Nettles v. Horton
Filing
12
OPINION AND ORDER DISMISSING 1 Petition for Writ of Habeas Corpus, GRANTING 8 MOTION to Dismiss Petition for Writ of Habeas Corpus under Habeas Rule 4 and Brief in Support and DENYING a Certificate of Appealability Signed by District Judge Robert H. Cleland. (LWag)
UNITED STATES DISTRICT COURT
FOR THE EASTERN DISTRICT OF MICHIGAN
SOUTHERN DIVISION
___________________________________________________________________
MACKING NETTLES,
Petitioner,
Case No. 17-12364
v.
CONNIE HORTON,
Respondent.
_____________________________/
OPINION AND ORDER GRANTING RESPONDENT’S MOTION TO DISMISS,
DISMISSING PETITION FOR WRIT OF HABEAS CORPUS, AND DENYING
CERTIFICATE OF APPEALABILITY
Petitioner Macking Nettles, incarcerated at the Chippewa Correctional Facility in
Kincheloe, Michigan, seeks the issuance of a writ of habeas corpus under 28 U.S.C.
§ 2254. In his pro se application, Petitioner challenges his second-degree murder
conviction under Mich. Comp. Laws § 750.317. Respondent filed a motion to dismiss
the petition on the ground that it was not timely filed. (Dkt. #8.) Petitioner filed a reply.

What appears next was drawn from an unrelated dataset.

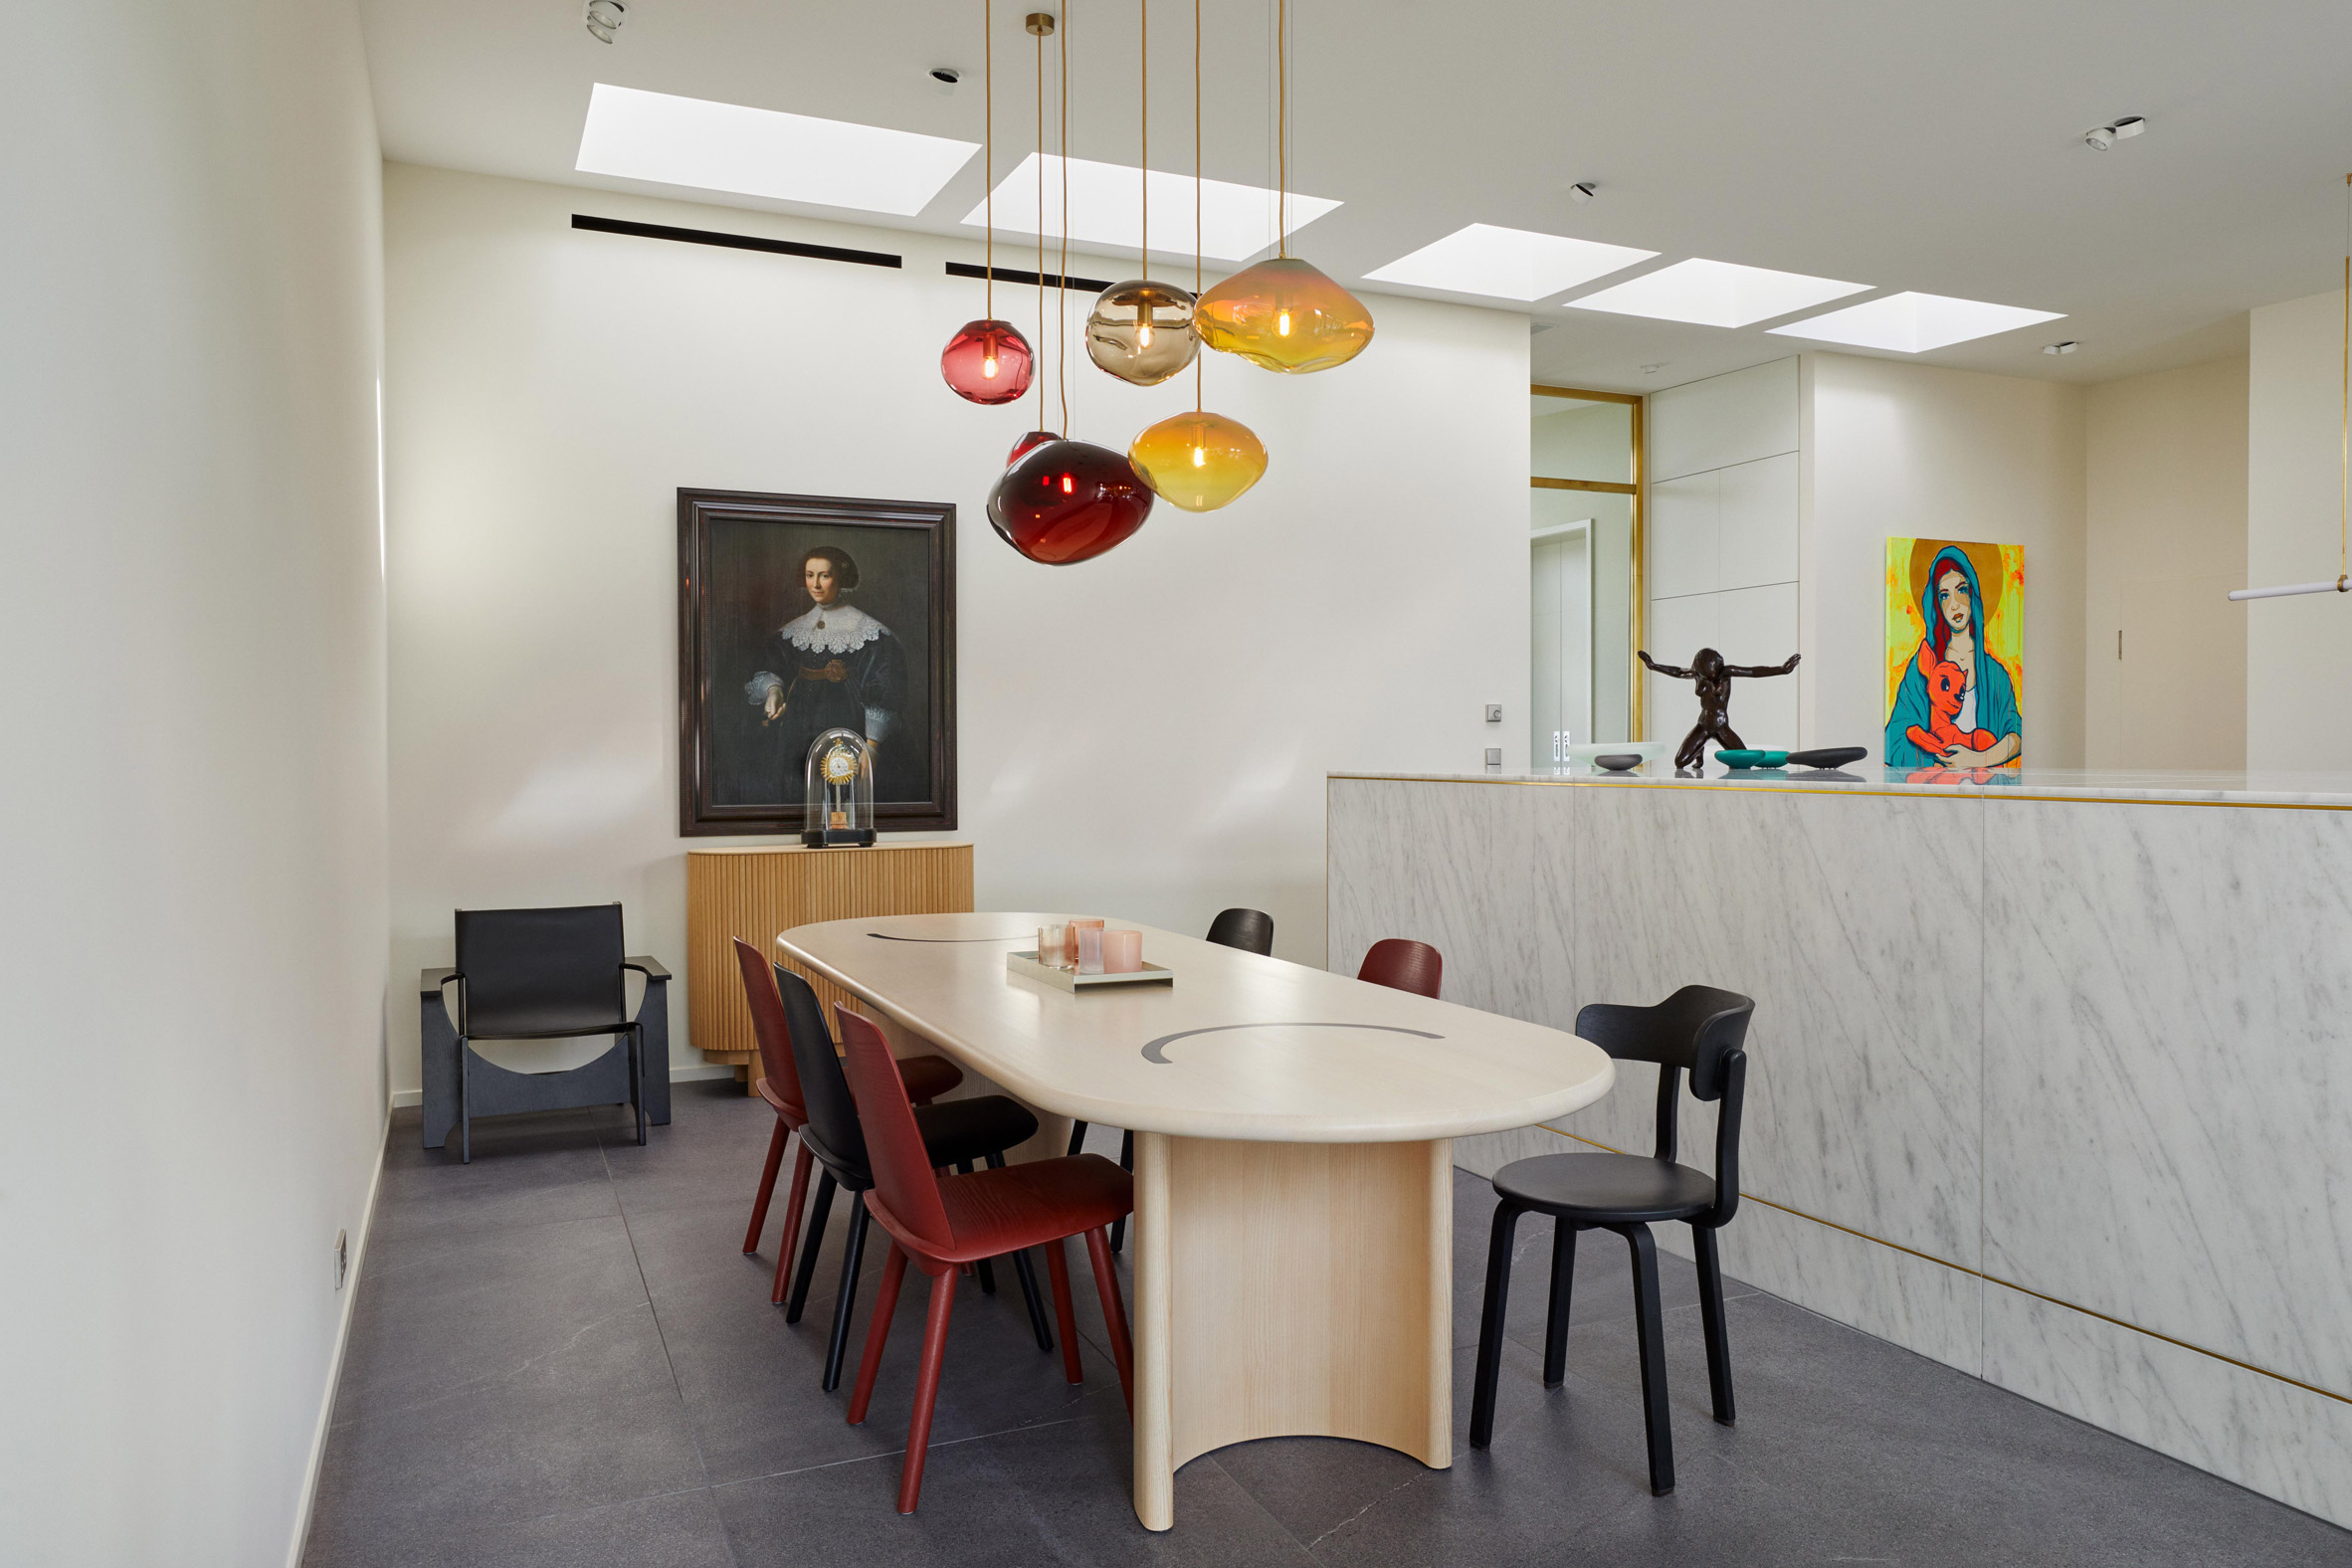 Dining area of Berlin penthouse designed by Coordination and Flip Sellin
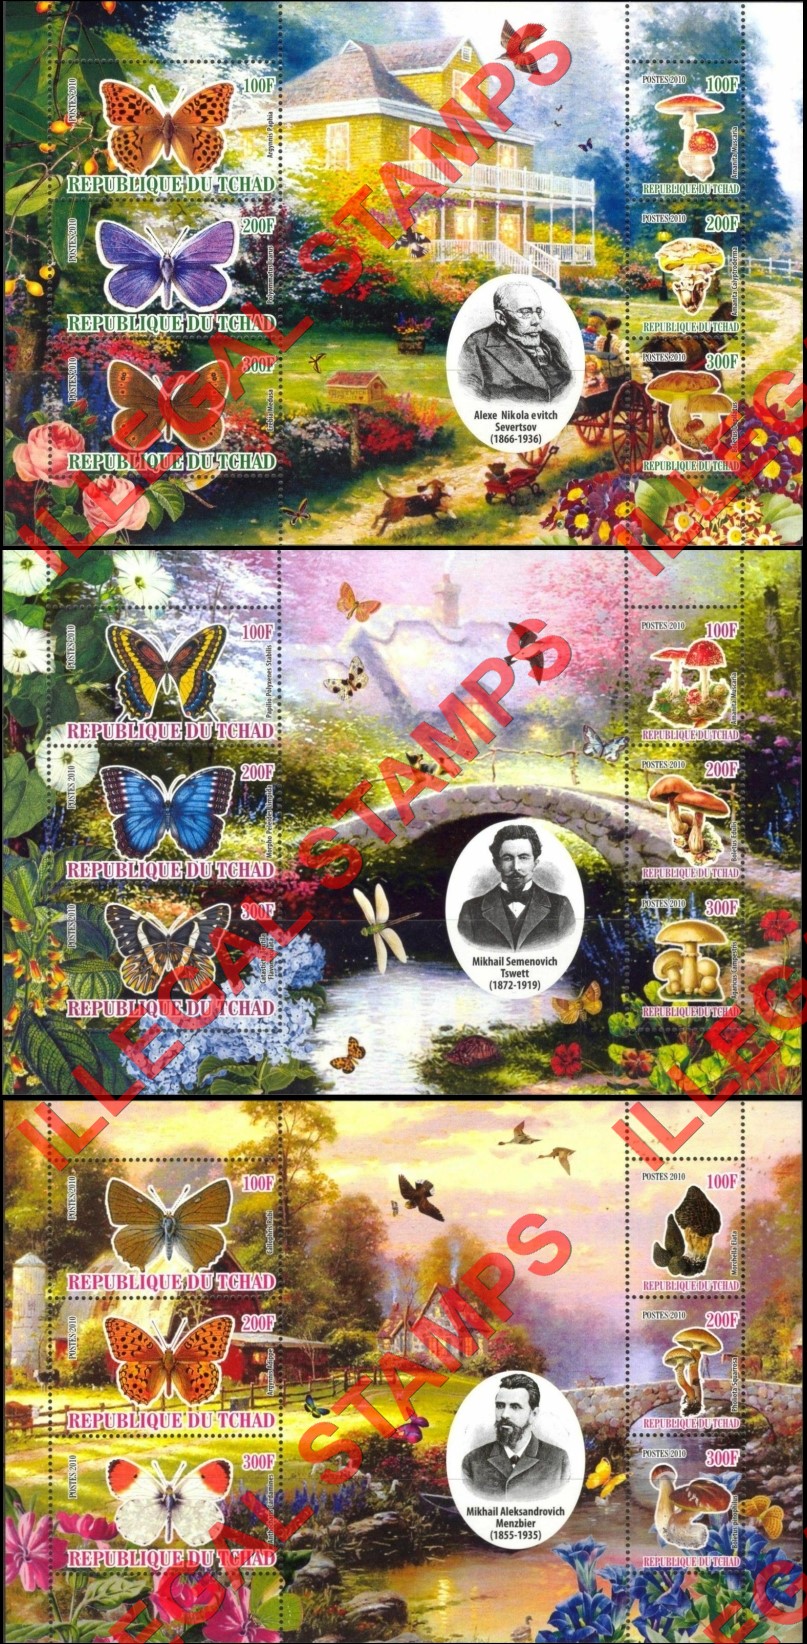 Chad 2010 Butterflies and Mushrooms Illegal Stamps in Souvenir Sheets of 6 (Part 1)

(Dkt. #10.) For the following reasons, the Respondent’s motion is granted and the
petition for a writ of habeas corpus is dismissed.
I. BACKGROUND
Petitioner was charged with first-degree murder, but pleaded guilty to a reduced
charge of second-degree murder. On September 24, 1998, Petitioner was sentenced to
30 to 60 years in prison. He did not file a direct appeal from his conviction and sentence.
Seven years later, on October 12, 2005, Petitioner sent a letter to the trial court,
requesting the appointment of counsel to assist him with an appeal. (Dkt. #1 Pg. ID 47.)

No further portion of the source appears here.